Below is a listing; repeat exactly the lines from the one containing "Track Size Guide" to the one containing "Chêne pédonculé –", both included.

┌─ Exercise input

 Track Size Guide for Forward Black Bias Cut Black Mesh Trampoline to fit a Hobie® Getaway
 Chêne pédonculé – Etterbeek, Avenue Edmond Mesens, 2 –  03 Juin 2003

└─
┌─ Exercise input

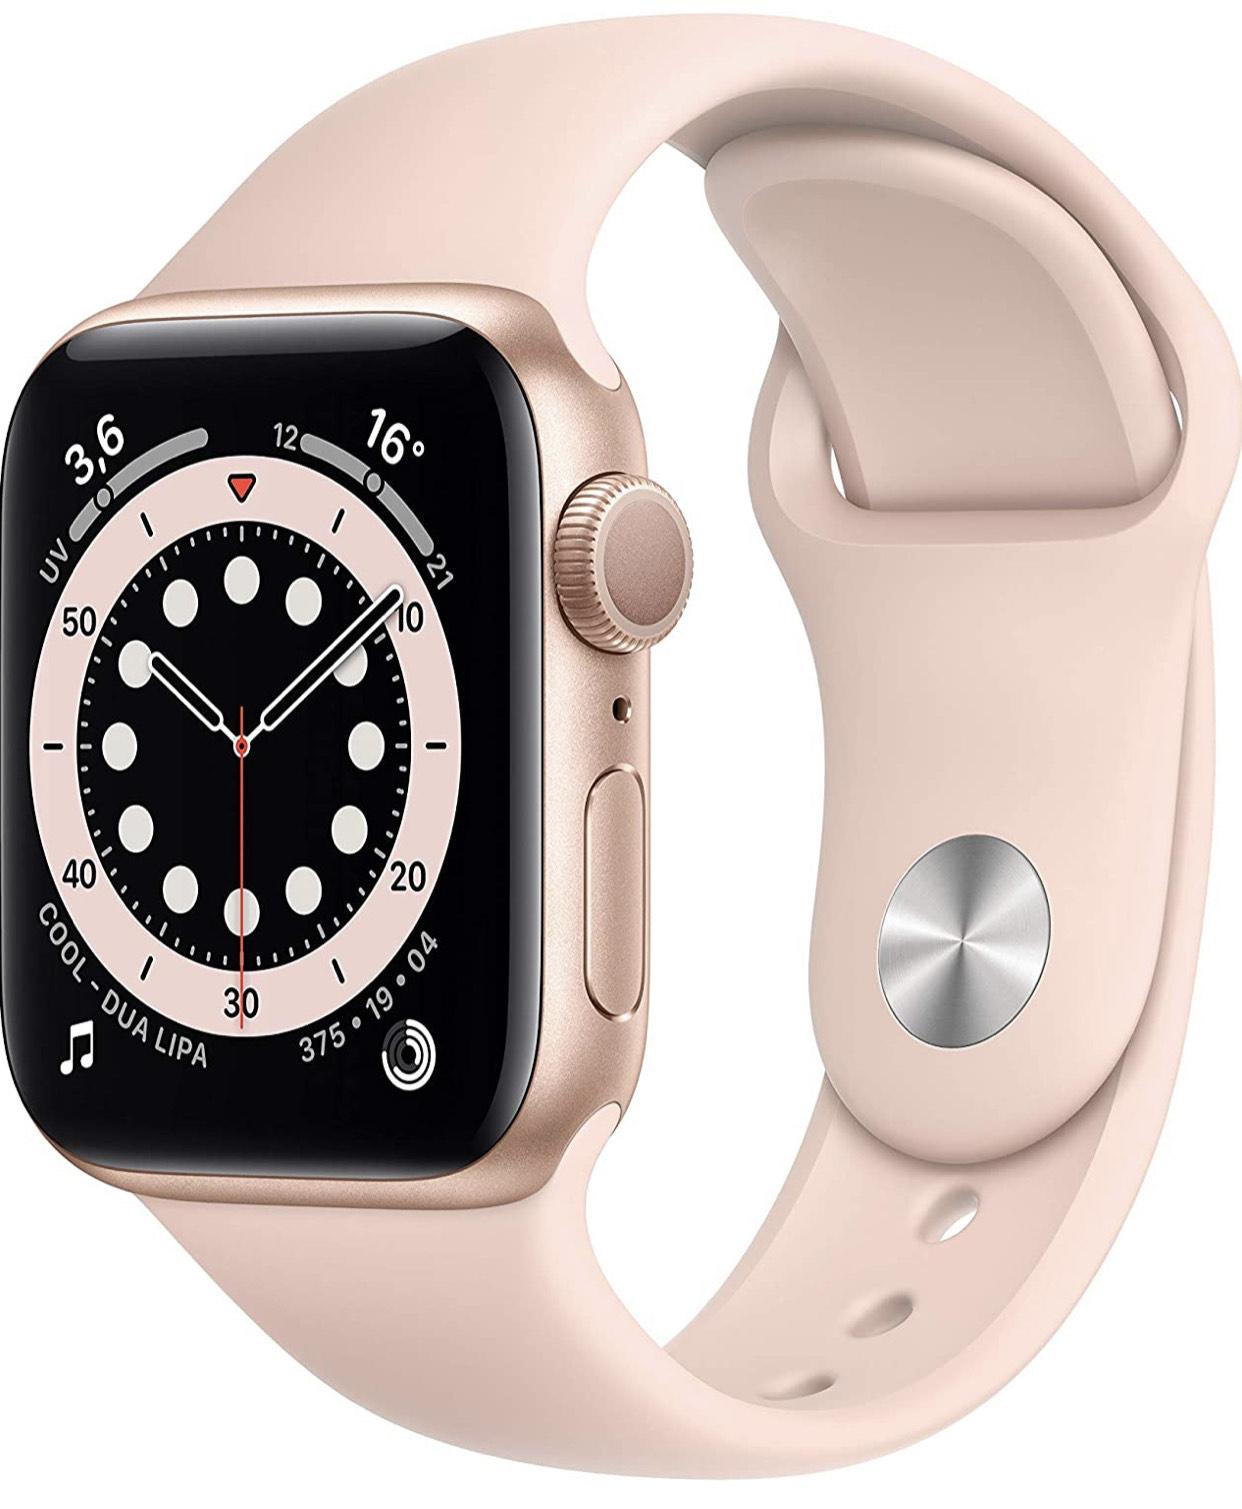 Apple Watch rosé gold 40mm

└─

Task result>
 Track Size Guide for Forward Black Bias Cut Black Mesh Trampoline to fit a Hobie® Getaway
 Chêne pédonculé – Etterbeek, Avenue Edmond Mesens, 2 –  03 Juin 2003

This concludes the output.